- **Provided data**:
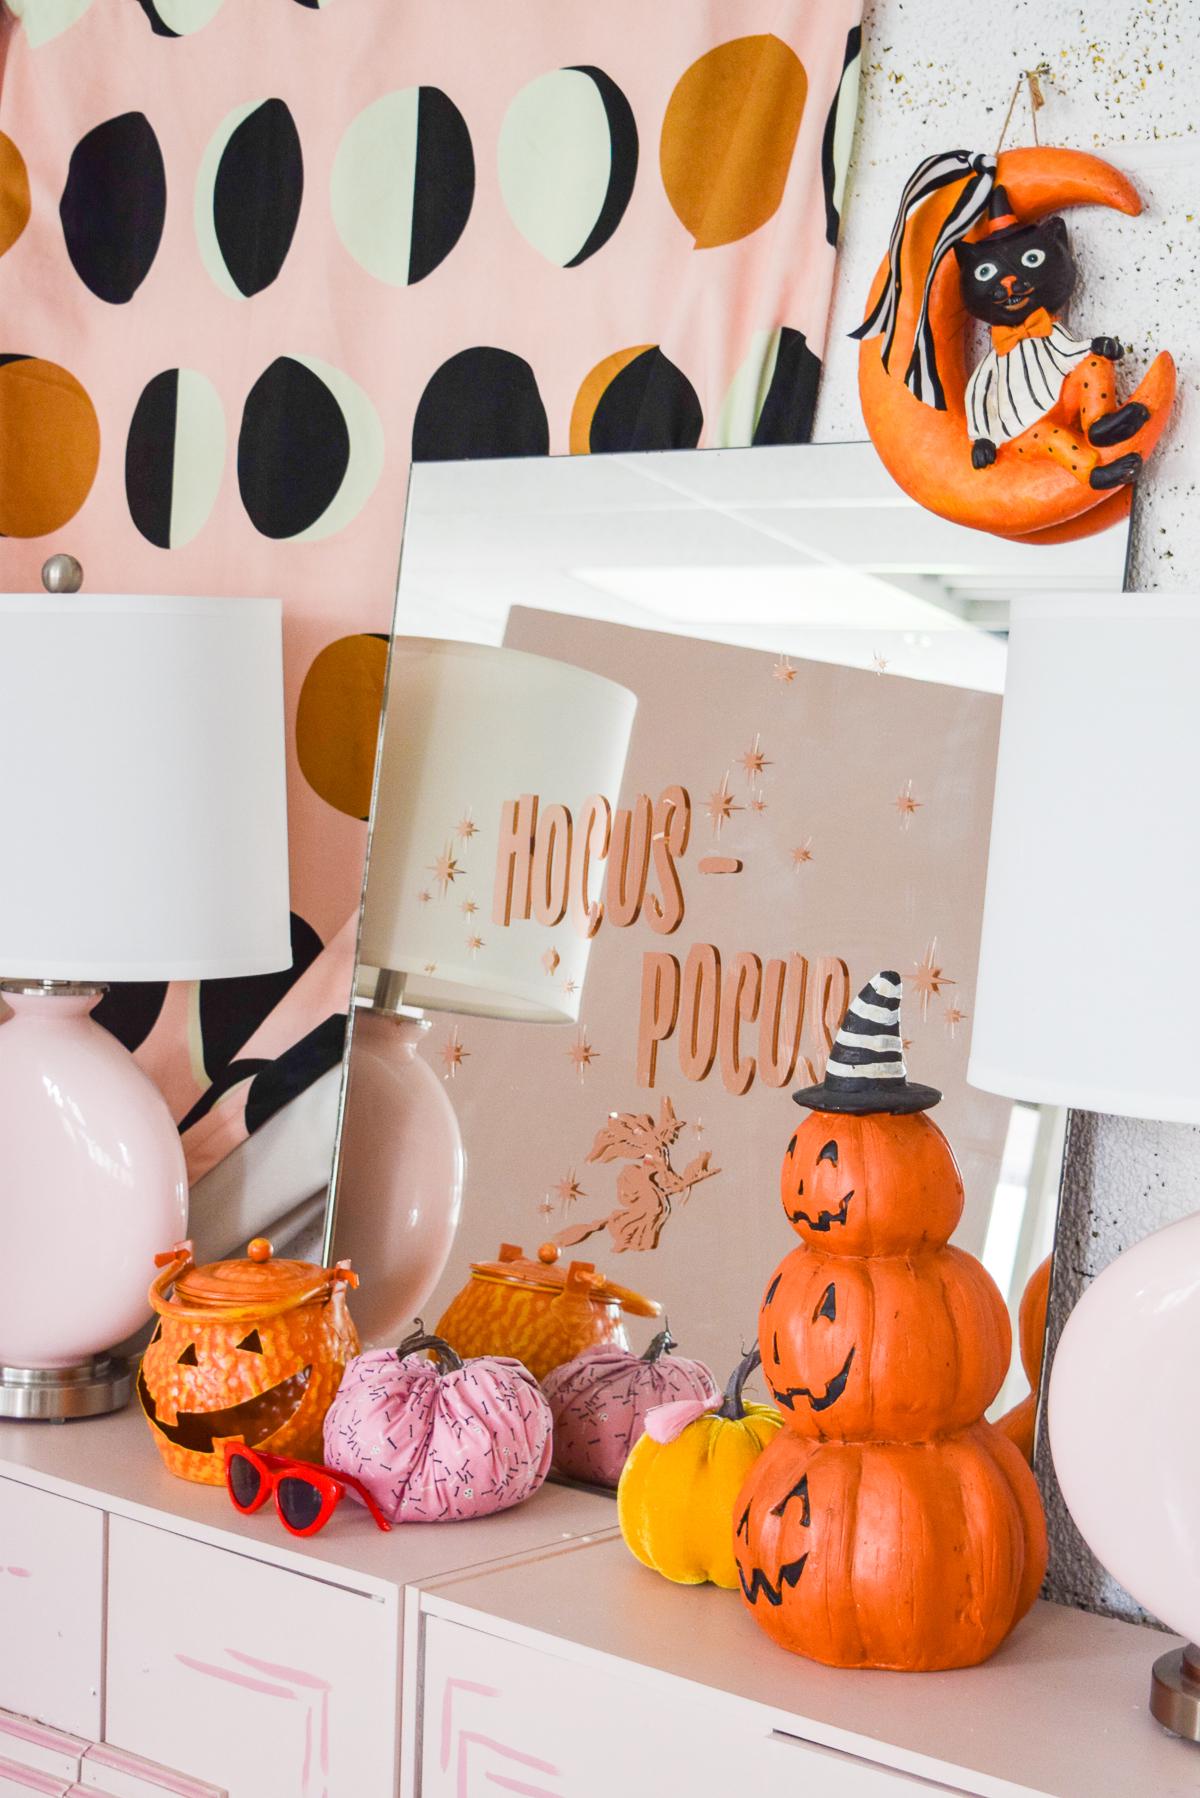 hocus pocus mirror on a pink sideboard
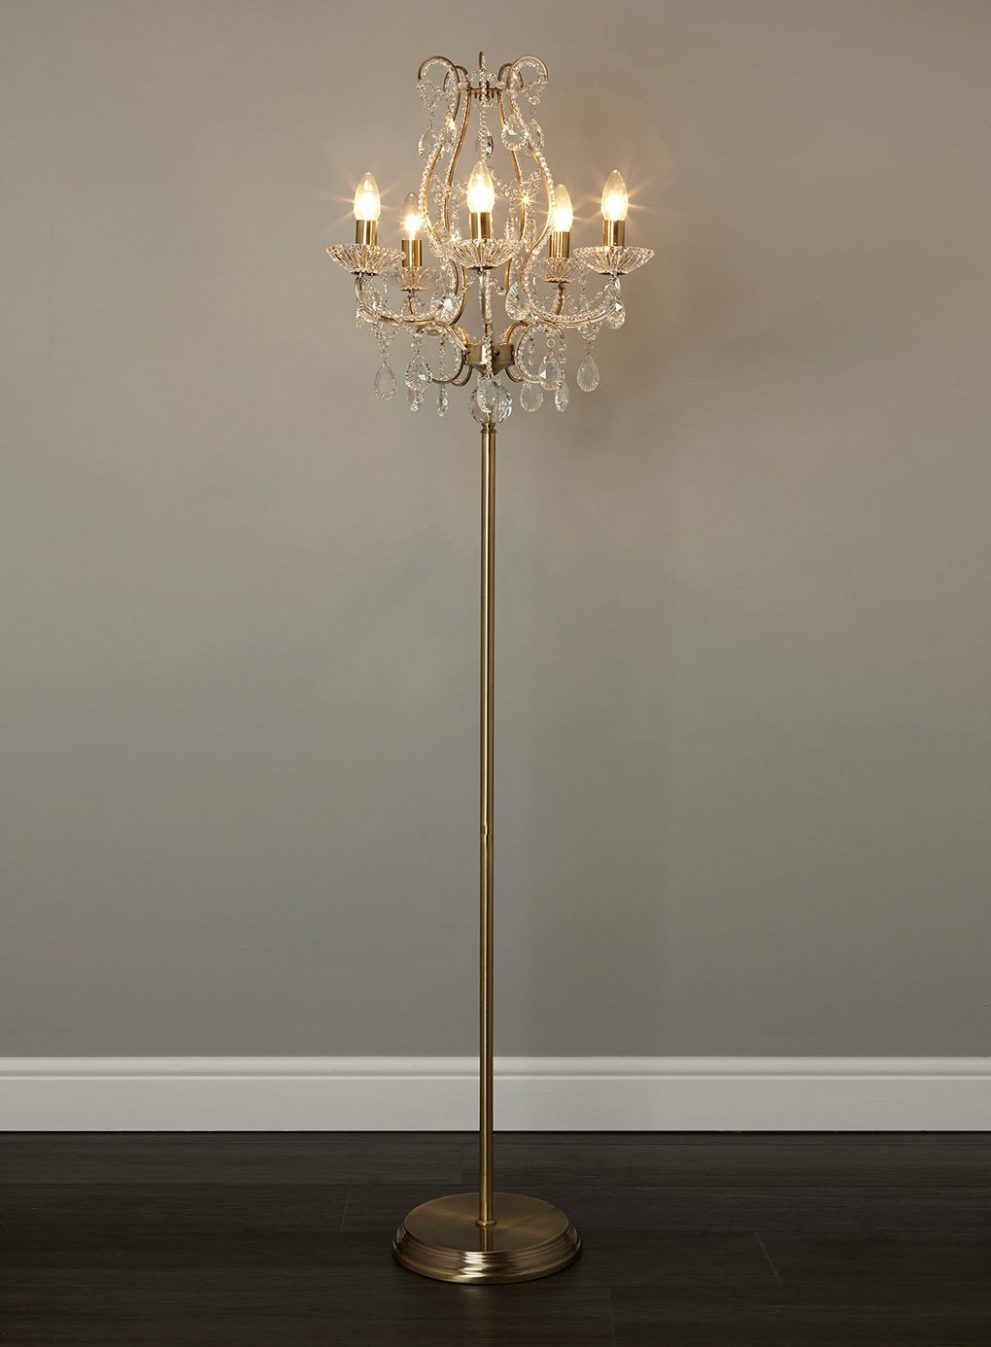 Chandelier Floor Lamps Uk Images Home Furniture Ideas With Regard To Chandelier Standing Lamps (Image 3 of 25)
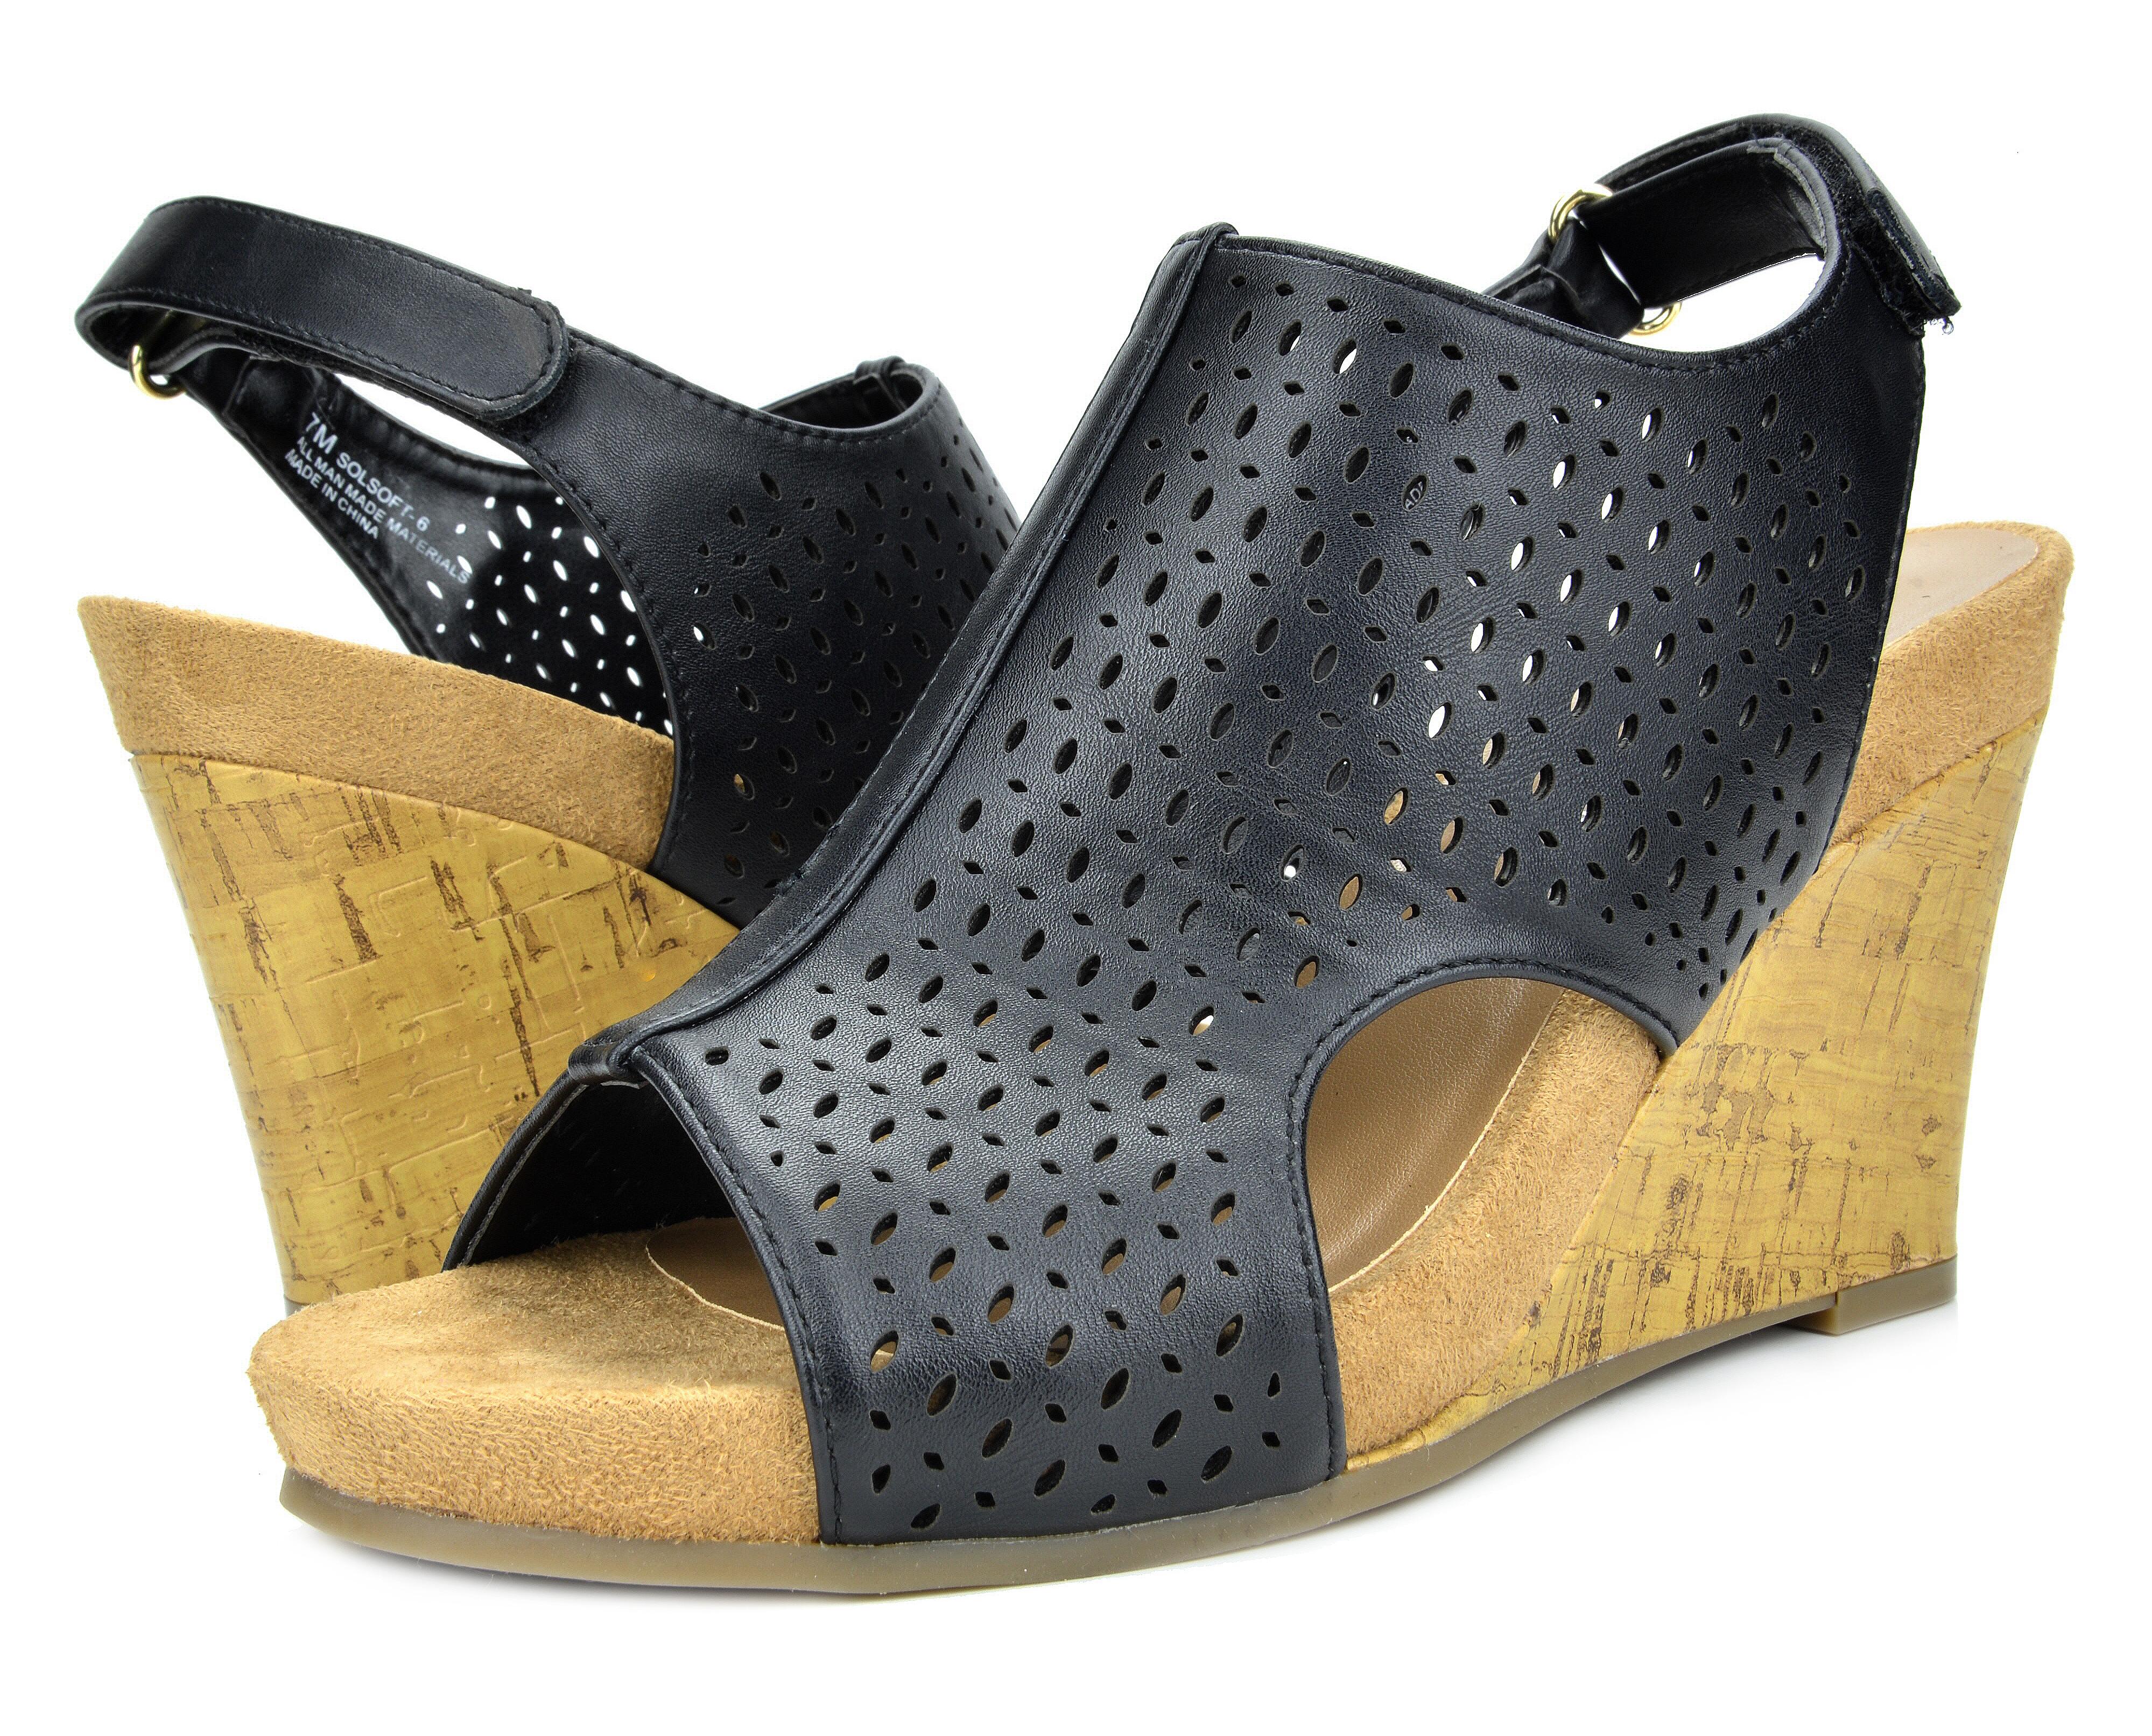 10103c0f61b7 TOETOS Women SOLSOFT-6 Open-toe Street Mid Heels Platform Wedges ...

- **Task prompt**:
Write the lines out word for word, starting at the one with "Chandelier Floor Lamps" and stopping after the last line of the material above, with pictures excluded.

- **Solution**:
 Chandelier Floor Lamps Uk Images Home Furniture Ideas With Regard To Chandelier Standing Lamps (Image 3 of 25)
 10103c0f61b7 TOETOS Women SOLSOFT-6 Open-toe Street Mid Heels Platform Wedges ...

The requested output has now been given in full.